Former multipurpose venue in Reseda, California

Reseda Country Club was a nightclub and multi-purpose venue located on Sherman Way in Reseda, California.

The building started off as a Sav-On drug store in the 1950s and later became a music venue in 1980 when Chuck Landis purchased the site. It originally featured country music acts, hence its name.

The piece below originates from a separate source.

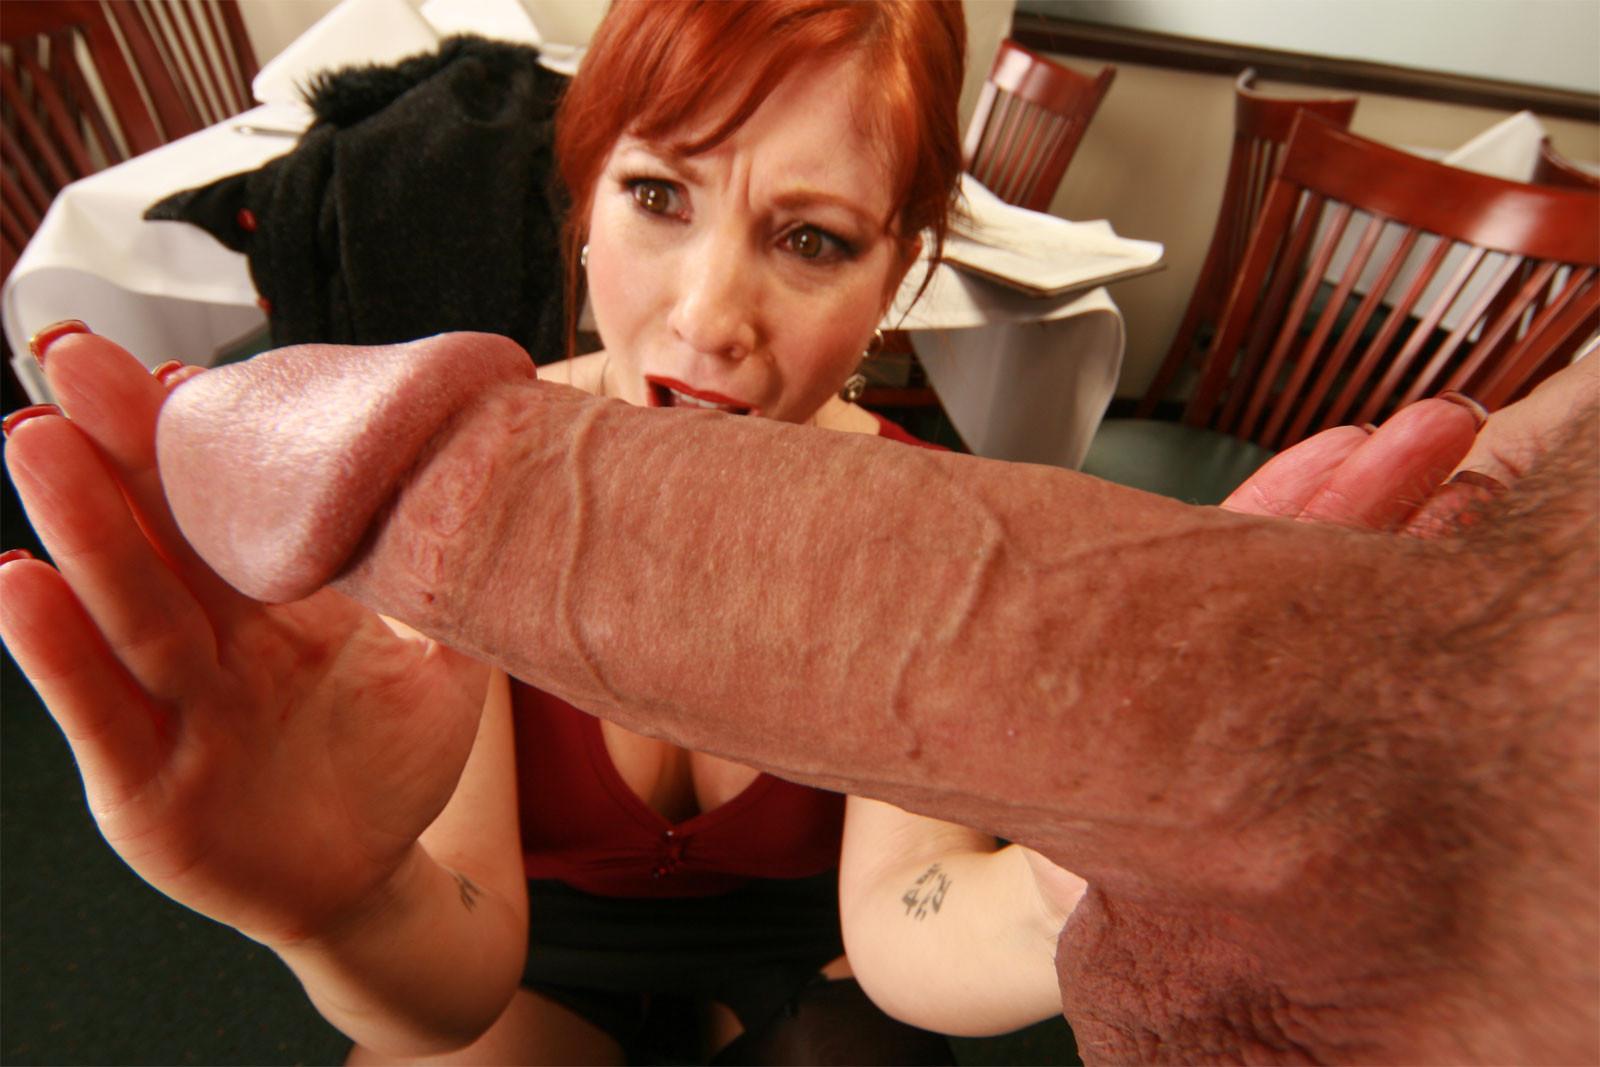 gallery-free-huge-cock-meat-checks-virgin-sexy

The club was managed by concert promoter Jim Rissmiller from 1981 to 1984. Rissmiller was able to book premier shows of all types, including acts such as Jerry Garcia Band, B.B. King, Iggy Pop, James Brown, R.E.M., and U2. Other acts that performed at the Country Club were heavy metal bands such as Metallica, Slayer, Megadeth, Sepultura, Anthrax, Testament, W.A.S.P., Armored Saint, Fates Warning, Dark Angel, Sanctuary, Savatage, Bitch, Alcatrazz, Abattoir, and Malice, as well as punk rock bands like D.R.I., Bad Religion, the Circle Jerks, Social Distortion, T.S.O.L., the Cro-Mags, 7 Seconds, and Bad Brains. Prince held an afterparty concert at the venue following the 1987 MTV Video Music Awards.

Boxing cards were promoted at the venue from 1983 to 1998. Cards promoted by Dan Goossen most notably featured future champions Michael Nunn, Shane Mosley, Terry Norris, Wayne McCullough, and brothers Gabriel Ruelas and Rafael Ruelas. Universal Wrestling Federation (UWF) ran tapings of its weekly television series Fury Hour at the venue in 1990. Xtreme Pro Wrestling (XPW) ran professional wrestling events and television tapings at the venue in 1999.

The 1997 film Boogie Nights was shot at the venue, which appeared as the fictional club Hot Traxx.

The venue closed in 2000 and was replaced by the Spanish-language Christian church Restauración Reseda.